Aim of the exercise >> Copy out every line in the entries below that includes "фото".

Collection entries >>
# # # # #

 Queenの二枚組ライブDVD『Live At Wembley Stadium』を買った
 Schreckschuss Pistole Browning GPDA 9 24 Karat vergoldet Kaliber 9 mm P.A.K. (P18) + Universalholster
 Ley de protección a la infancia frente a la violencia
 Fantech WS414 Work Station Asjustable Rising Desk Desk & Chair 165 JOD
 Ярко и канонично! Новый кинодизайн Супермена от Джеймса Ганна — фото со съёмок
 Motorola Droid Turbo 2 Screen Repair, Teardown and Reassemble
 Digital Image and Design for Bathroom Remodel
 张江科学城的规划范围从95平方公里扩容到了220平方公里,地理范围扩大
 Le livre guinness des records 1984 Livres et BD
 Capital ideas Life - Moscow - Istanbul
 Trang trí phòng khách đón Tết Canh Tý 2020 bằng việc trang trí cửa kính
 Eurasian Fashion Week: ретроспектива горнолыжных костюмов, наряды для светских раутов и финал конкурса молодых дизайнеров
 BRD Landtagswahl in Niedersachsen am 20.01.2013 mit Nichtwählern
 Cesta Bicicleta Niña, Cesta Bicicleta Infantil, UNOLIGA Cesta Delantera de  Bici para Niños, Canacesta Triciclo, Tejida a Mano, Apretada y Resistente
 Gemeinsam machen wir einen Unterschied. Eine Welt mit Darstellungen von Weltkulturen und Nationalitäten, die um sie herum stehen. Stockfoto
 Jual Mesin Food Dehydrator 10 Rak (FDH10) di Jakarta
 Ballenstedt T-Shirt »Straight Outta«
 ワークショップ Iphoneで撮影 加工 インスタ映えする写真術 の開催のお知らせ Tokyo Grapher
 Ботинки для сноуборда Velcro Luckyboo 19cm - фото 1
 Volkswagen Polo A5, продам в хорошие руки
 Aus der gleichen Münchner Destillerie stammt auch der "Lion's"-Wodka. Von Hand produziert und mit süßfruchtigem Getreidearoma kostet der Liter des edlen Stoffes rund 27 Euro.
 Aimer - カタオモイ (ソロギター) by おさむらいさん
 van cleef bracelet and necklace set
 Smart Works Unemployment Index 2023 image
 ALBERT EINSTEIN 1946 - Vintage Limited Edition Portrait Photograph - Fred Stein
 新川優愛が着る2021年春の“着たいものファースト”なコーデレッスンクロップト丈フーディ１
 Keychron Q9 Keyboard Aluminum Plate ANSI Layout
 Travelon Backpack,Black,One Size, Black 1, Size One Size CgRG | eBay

# # # # #

Solution to the exercise >>
 Ярко и канонично! Новый кинодизайн Супермена от Джеймса Ганна — фото со съёмок
 Ботинки для сноуборда Velcro Luckyboo 19cm - фото 1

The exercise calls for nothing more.